Livret A pour association : 76 500 € de plafond en 2026
Le compte courant associatif, un plafond raisonnable... et 0% d'intérêts
La trésorière d'un club sportif ou le syndic d'une copropriété a souvent le même réflexe : laisser les excédents de caisse — cotisations, subventions, fonds de travaux — sur le compte courant de la structure. Sauf que ce compte, dans l'immense majorité des banques, ne rapporte strictement rien. Ce que beaucoup de bénévoles et de syndics ignorent : les associations loi 1901 et les syndicats de copropriétaires ont accès à un produit d'épargne que les entreprises n'ont pas — le Livret A, avec un plafond bien supérieur à celui d'un particulier.
Qui peut ouvrir un Livret A « personne morale » ?

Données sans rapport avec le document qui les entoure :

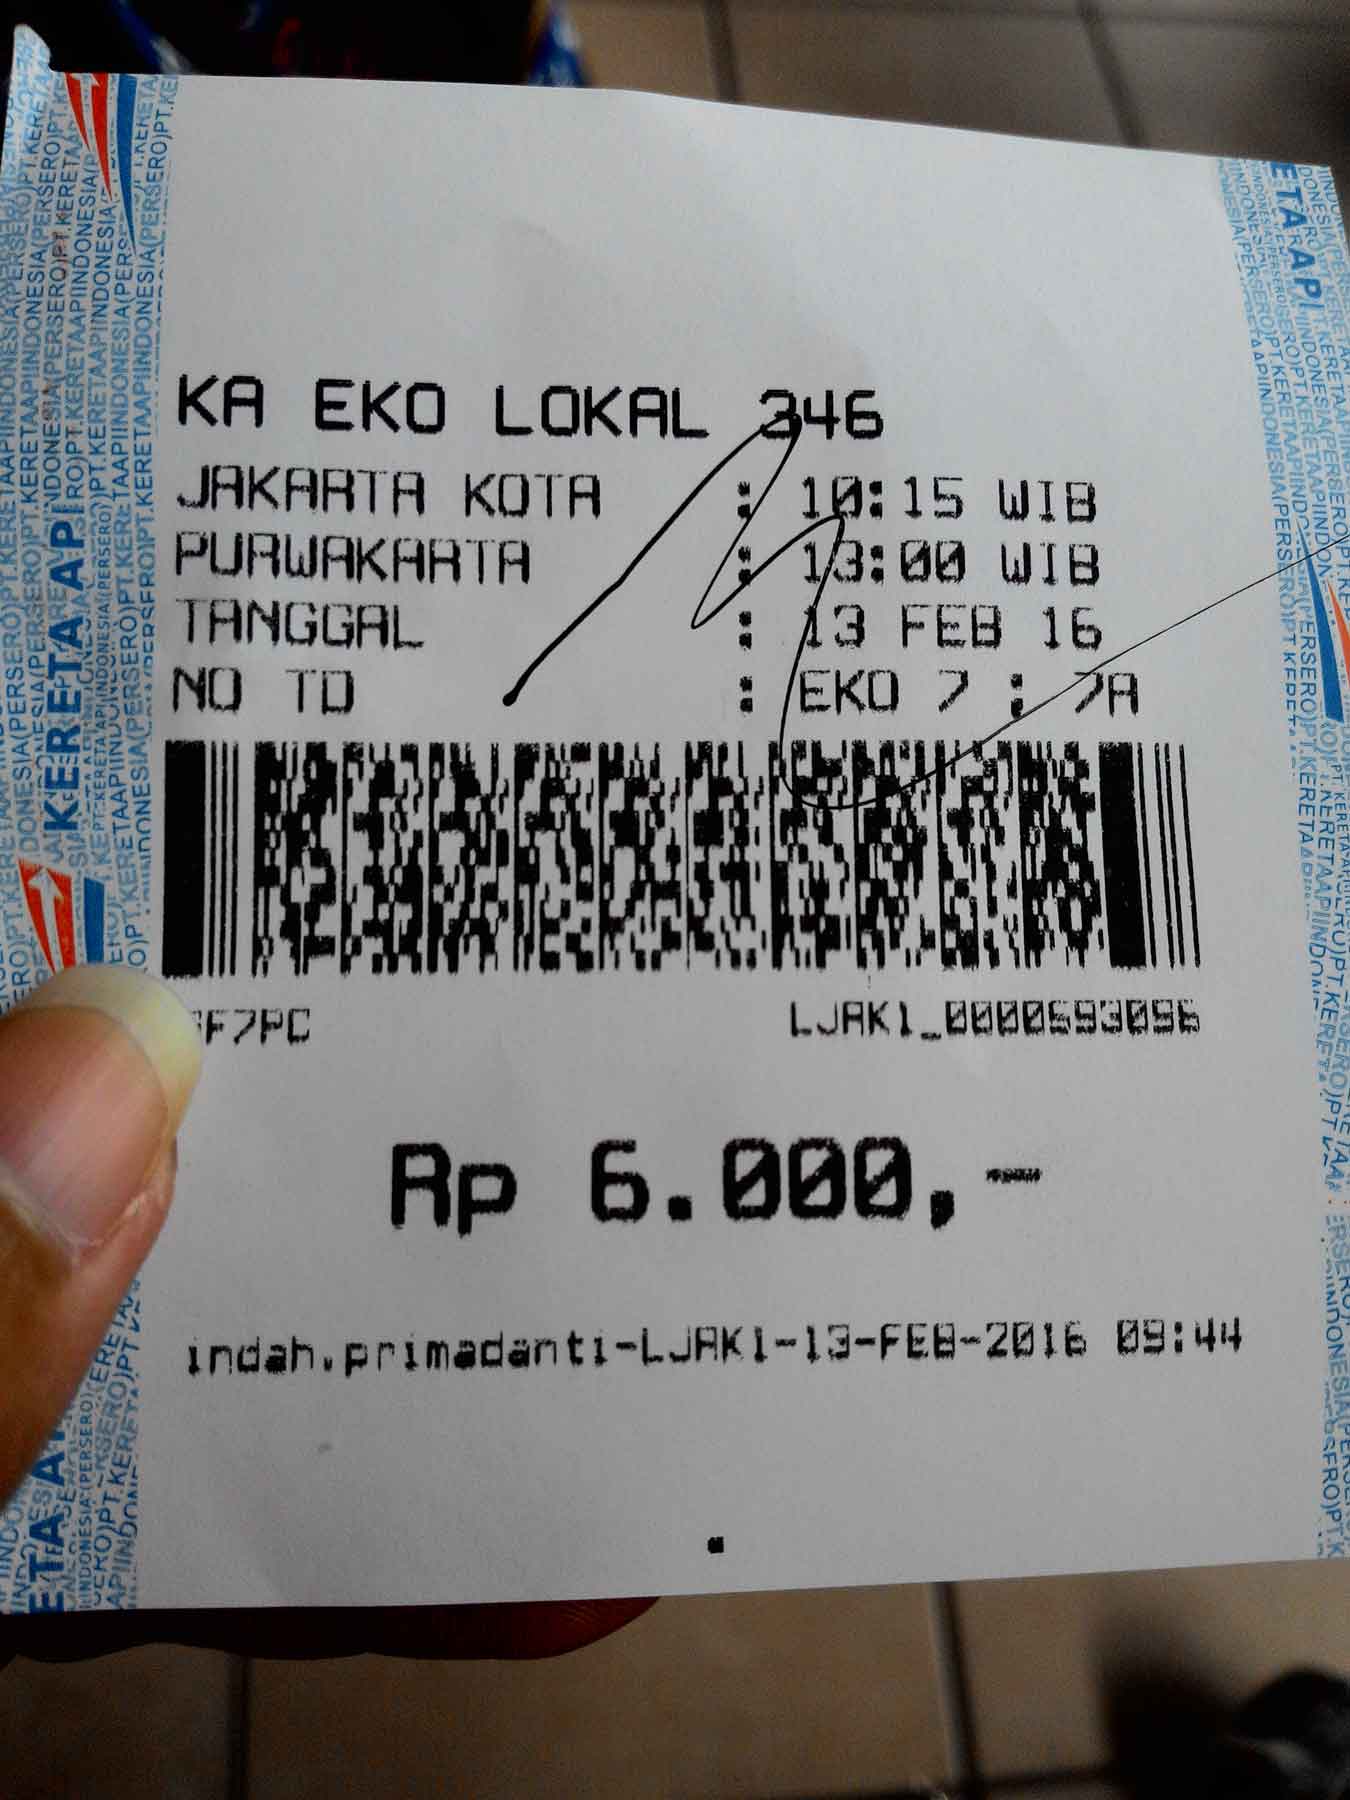 Tiket Kereta Jakarta-Purwakarta

Contrairement au Livret A classique réservé aux particuliers, le Livret A « personne morale » est ouvert à une liste précise d'organismes :
- les associations loi 1901 (ou loi 1908 en Alsace-Moselle) à objet non lucratif : culturel, social, éducatif, sportif, scientifique, humanitaire ou d'intérêt général ;
- les syndicats de copropriétaires, via le compte du syndic ;
- les organismes HLM, les CCAS/CIAS, et les comités sociaux et économiques (CSE, ex-comités d'entreprise).

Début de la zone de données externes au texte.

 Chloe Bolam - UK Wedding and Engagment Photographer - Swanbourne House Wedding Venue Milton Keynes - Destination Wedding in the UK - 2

Sont exclues les associations à caractère lucratif et, bien sûr, les sociétés commerciales (SASU, SARL...) — pour elles, direction le compte à terme, comme on l'expliquait dans notre article sur la trésorerie SASU.

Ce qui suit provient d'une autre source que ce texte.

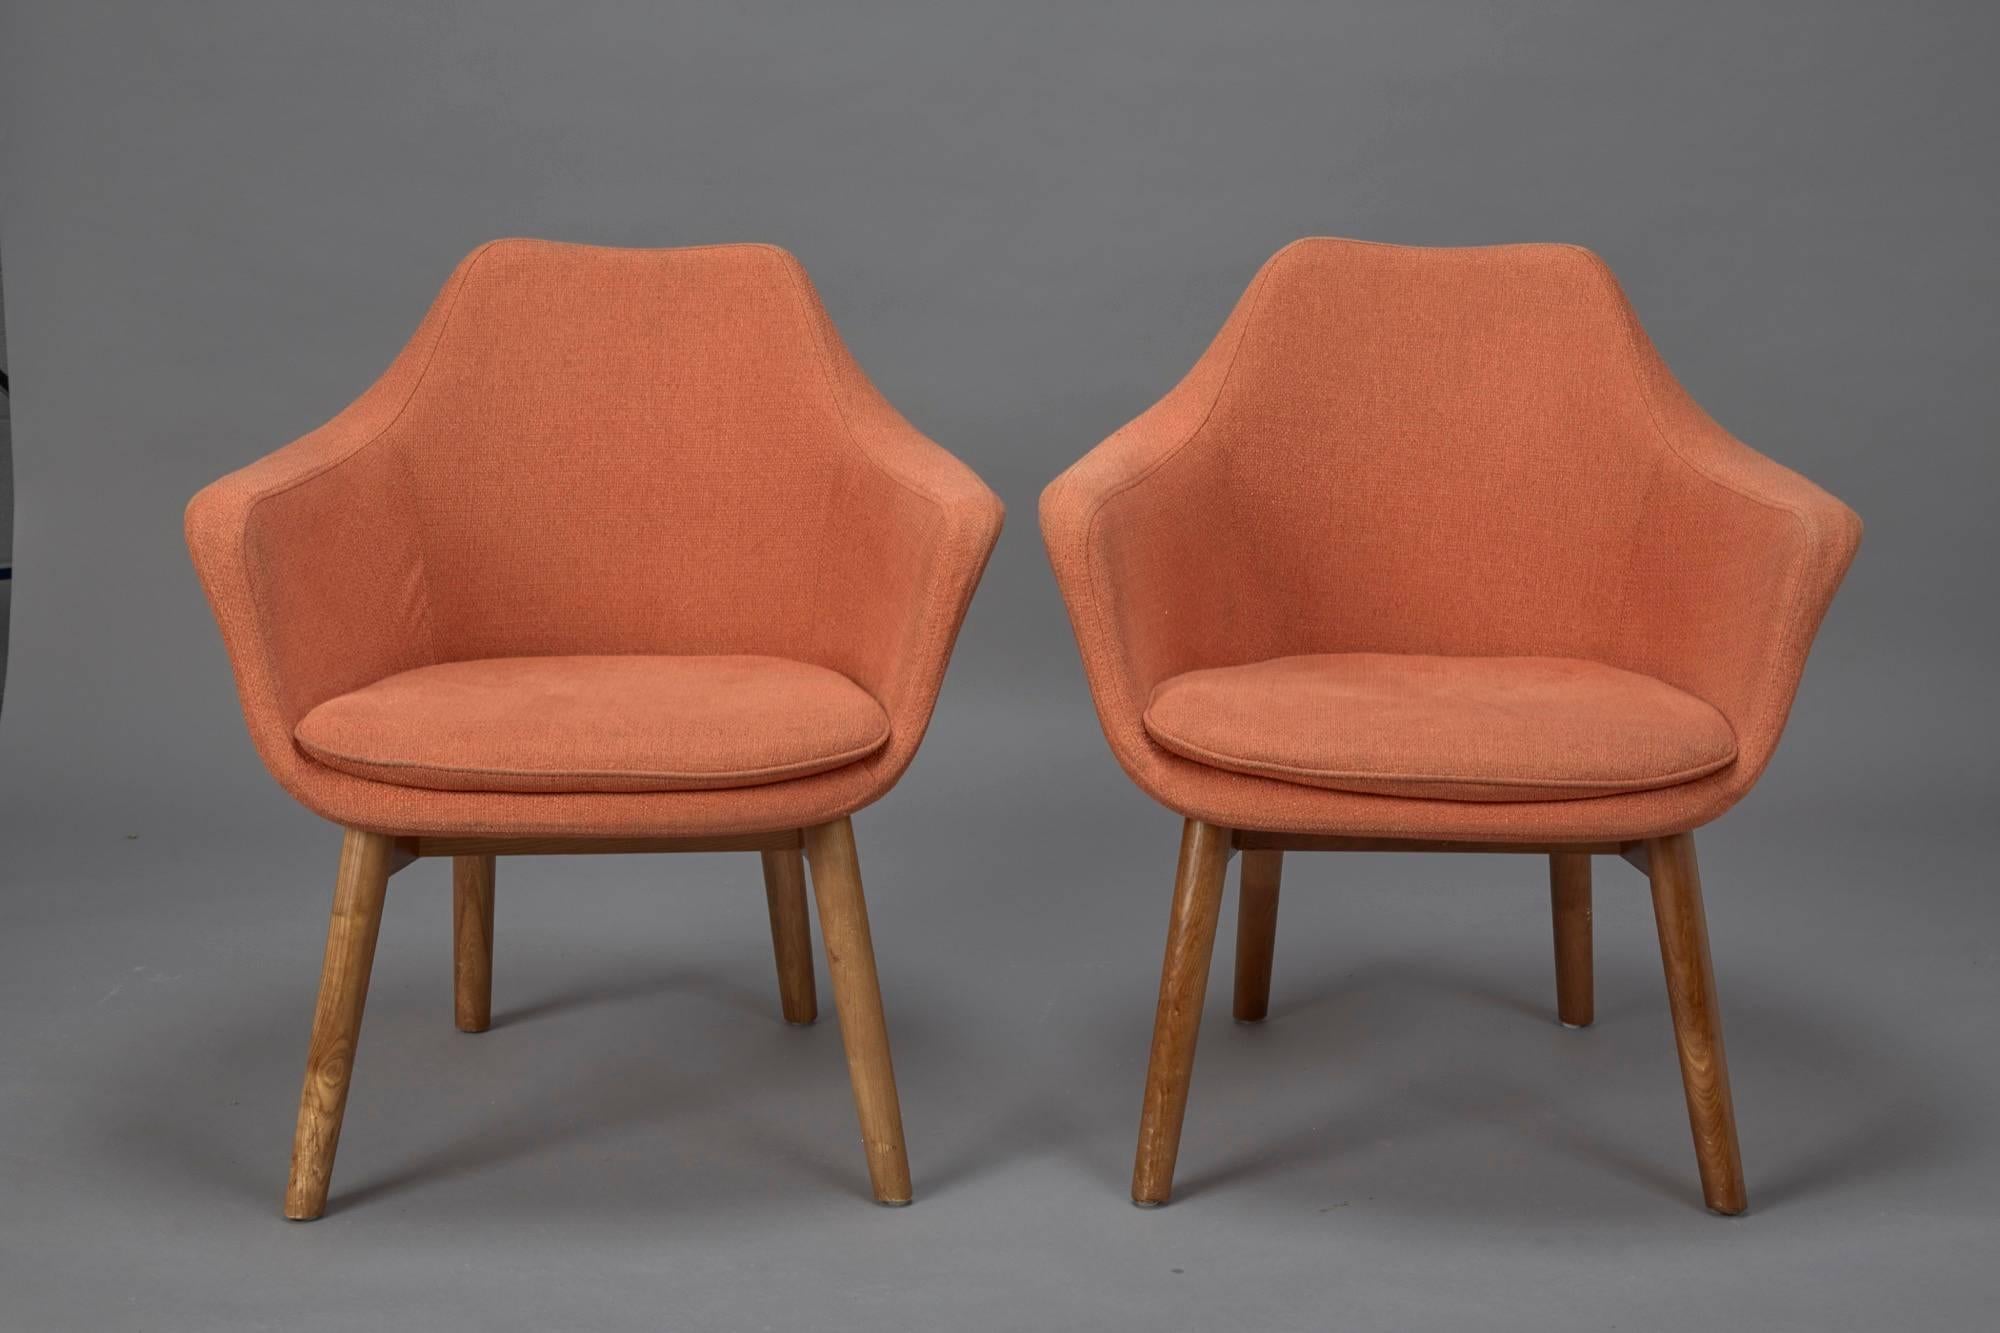 Pair of Mid-Century Modern armchairs in style of Eero Saarinen in original orange fabric.
   

Le vrai avantage : un plafond 3 à 4 fois plus élevé
C'est là que ça devient intéressant. Un particulier est plafonné à 22 950 € sur son Livret A. Une association ou une petite copropriété peut y déposer jusqu'à 76 500 € — et une copropriété de 100 lots ou plus jusqu'à 100 000 €. Le taux, lui, est identique à celui de tout le monde : 1,7% net depuis le 1er août 2026, sans aucune fiscalité, ni impôt sur le revenu, ni prélèvements sociaux, ni IS.
Sur le plafond maximum d'une association (76 500 €), cela représente 1 300,50 € d'intérêts par an, versés intégralement, sans qu'aucune ligne de retenue n'apparaisse nulle part. Pour une grande copropriété au plafond de 100 000 €, le calcul monte à 1 700 € net par an — de quoi financer une bonne part des frais de gestion courante rien qu'avec les intérêts.
Un seul Livret A par structure, dans une seule banque
Même règle que pour les particuliers : une association ou un syndicat de copropriétaires ne peut détenir qu'un seul Livret A, tous établissements confondus. Le fichier interbancaire (Ficoba) permet aux banques de vérifier qu'aucun autre Livret A n'existe déjà au nom de la structure avant d'accepter l'ouverture.
Autre point à connaître : contrairement au Livret A, le LDDS et le LEP restent strictement réservés aux personnes physiques. Une association ne peut donc pas cumuler Livret A + LDDS pour doubler son plafond défiscalisé — c'est 76 500 €, un point c'est tout.
Ouvrir le livret : les documents à préparer
L'ouverture n'est pas automatique — il faut souvent insister auprès du conseiller, car beaucoup d'agences connaissent mal ce produit « personne morale ». Les pièces généralement demandées :
- les statuts de l'association à jour ;
- le récépissé de déclaration en préfecture (ou l'extrait du Journal officiel) ;
- le procès-verbal désignant le représentant légal habilité à ouvrir le compte ;
- une pièce d'identité du représentant et un RIB de la structure.
Pour un syndicat de copropriétaires, c'est le syndic qui effectue la démarche, muni du procès-verbal d'assemblée générale autorisant l'ouverture.
Et au-delà du plafond ?
Une association bien dotée (legs, subvention exceptionnelle, fonds de travaux pour une copropriété) qui dépasse 76 500 € ou 100 000 € retrouve les mêmes limites qu'une entreprise : le surplus doit être placé ailleurs, sur un compte à terme ou un fonds monétaire accessible aux personnes morales. La logique de calcul est la même que celle détaillée dans notre comparatif des comptes à terme 2026 — capital garanti, taux fixé à l'avance, sans risque, avec une attention particulière aux pénalités de sortie anticipée si la trésorerie doit rester mobilisable pour des travaux imprévus.
En résumé
Le Livret A « personne morale » reste l'option la plus simple et la plus sûre pour la trésorerie dormante d'une association ou d'une copropriété : zéro risque, zéro fiscalité, et un plafond largement supérieur à celui d'un particulier. Le seul frein est souvent administratif — un conseiller mal informé, un dossier incomplet — jamais le produit lui-même. Pour une structure qui laisse encore ses excédents sur un compte courant à 0%, ce sont plusieurs centaines, voire plusieurs milliers d'euros par an, laissés sur la table chaque année.